The beautiful 'glass girl' Luz is pursued from one imaginary country to another by Luke, whose love for her becomes a pathological obsession. Luke is as bewitched, too, by the Indris, singing lemurs whose magical harmonies he encounters in a tropical forest of pellucid charms. The lemurs have no enemies in their jungle world 'where intelligence and affection were cherished, and destruction and cruelty had no place'.
Luke has chosen his wandering life of exile to escape his own shortcomings and failure in human relations. And he wants to protect Luz, estranged from her sadistic husband Chas.
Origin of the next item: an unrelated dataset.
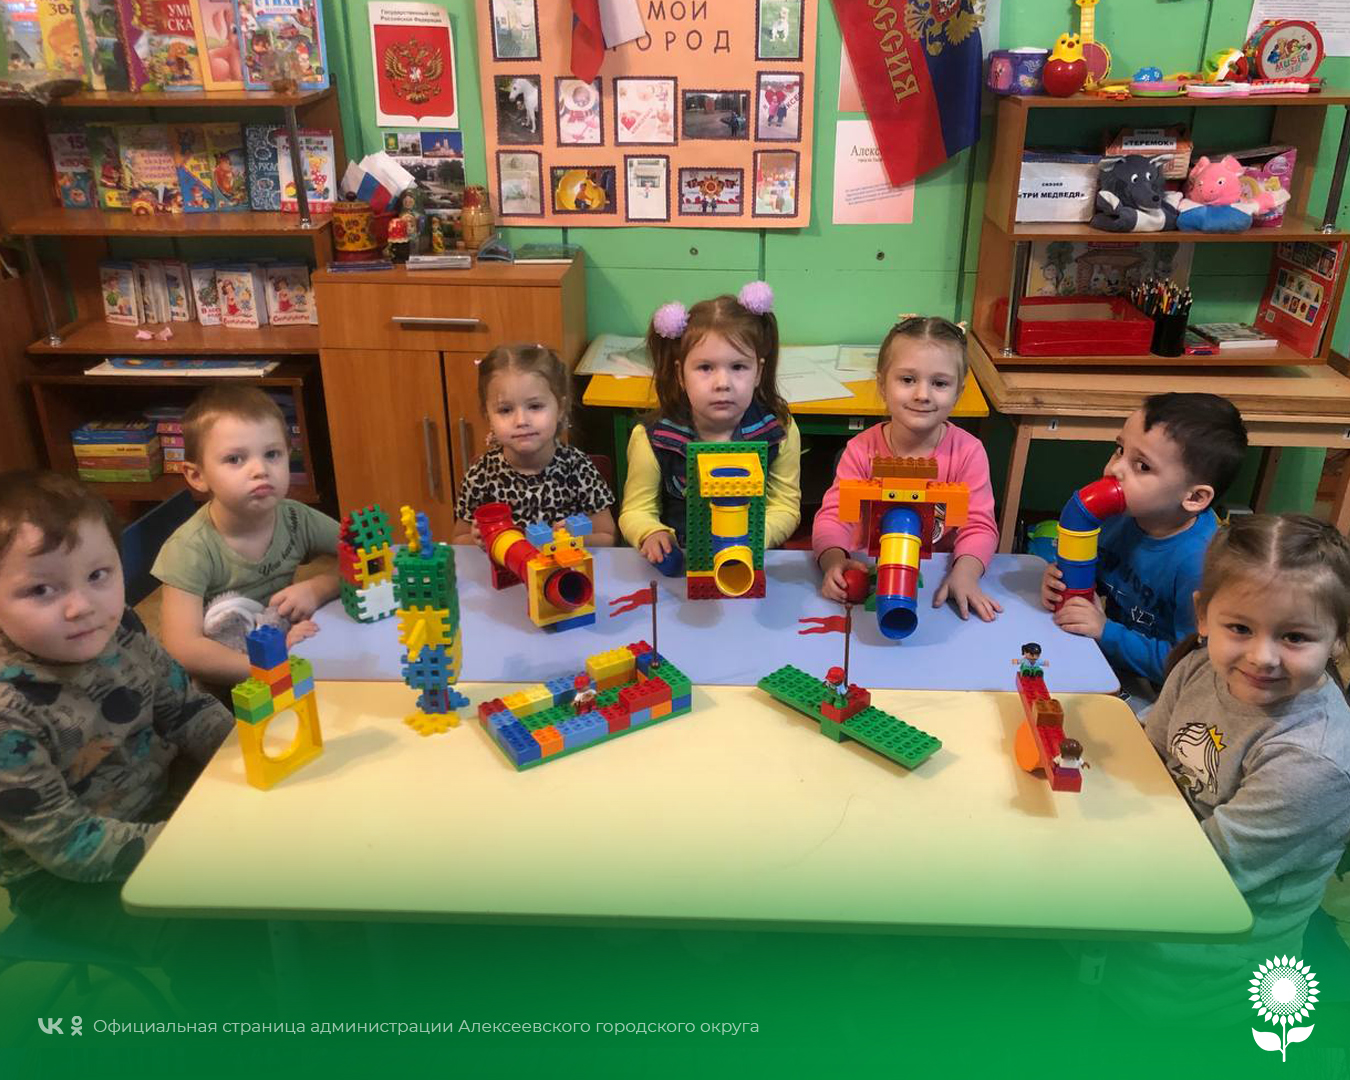 Воспитанники детских садов Алексеевского городского округа окунулись в мир изобретений и отметили праздник «День детей-изобретателей»
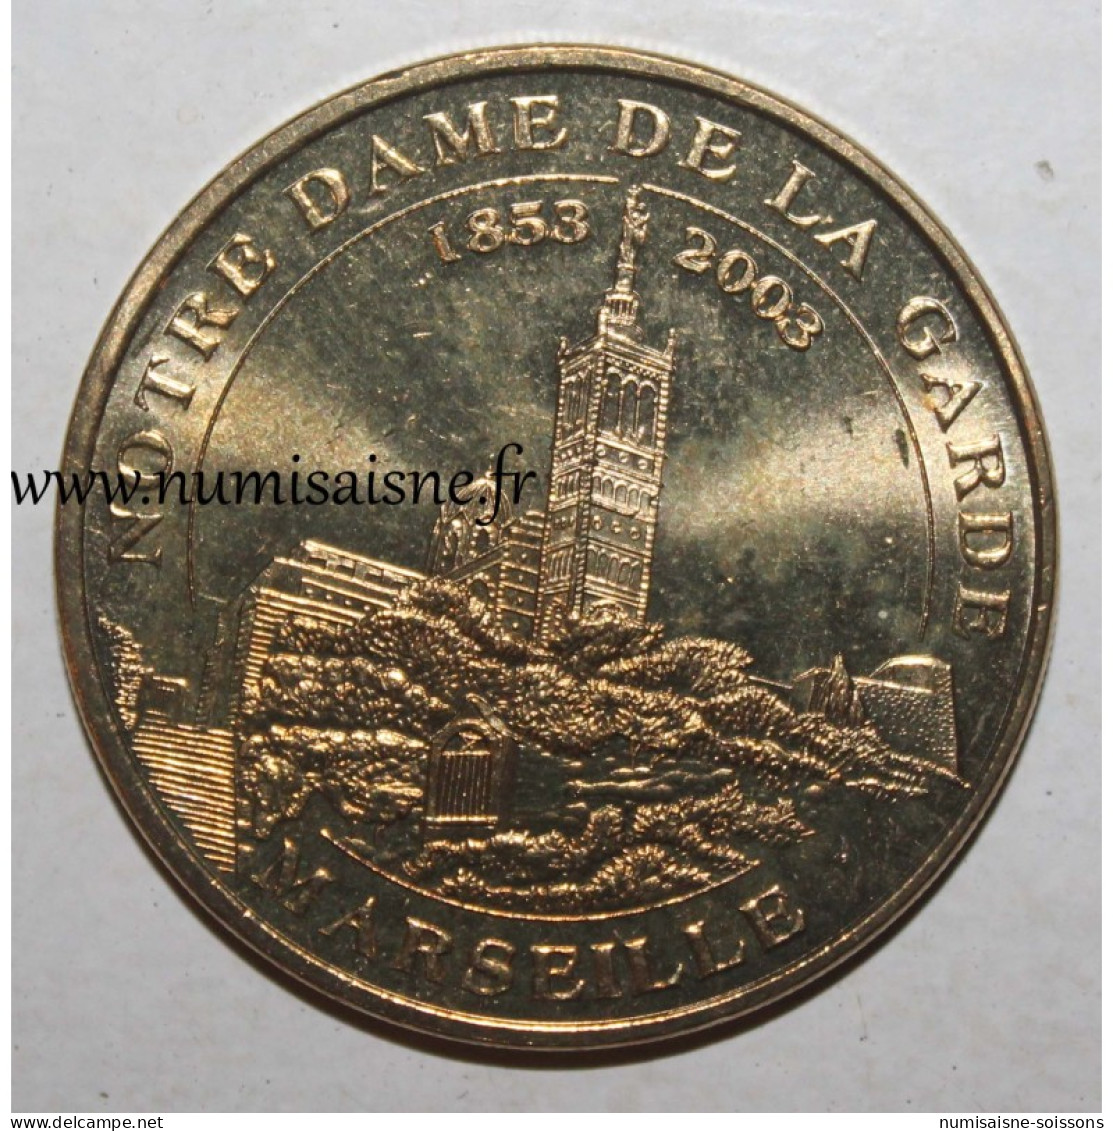 13 - MARSEILLE - BASILIQUE NOTRE DAME DE LA GARDE - Monnaie De Paris - 2010 - 2010

Luke himself reveals shades of latent sadism and becomes dependent on tablets that induce horror, shame and ecstatic excitement.
The narrative is projected like a series of dream sequences, enigma and illusion intertwined in the mound of Kafka. Yet, as in her novel Ice, Anna Kavan has fashioned a coruscating landscape of her own making - apocalyptic, compelling, unforgettable.
Excerpt
All of a sudden, she remembers her lost happiness. For an infinitesimal fraction of time she again experiences that almost forgotten sense of security and belonging... the bliss of loving and being loved, transforming life into supreme happiness, such intense joy that the surrounding air vibrates and sparkles with gaiety. In a flash it's all over. She's back in her aloneness. No vibration, no sparkle, no happiness. Gaiety is unthinkable. Happiness is dead, finished, nothing... perhaps it never existed.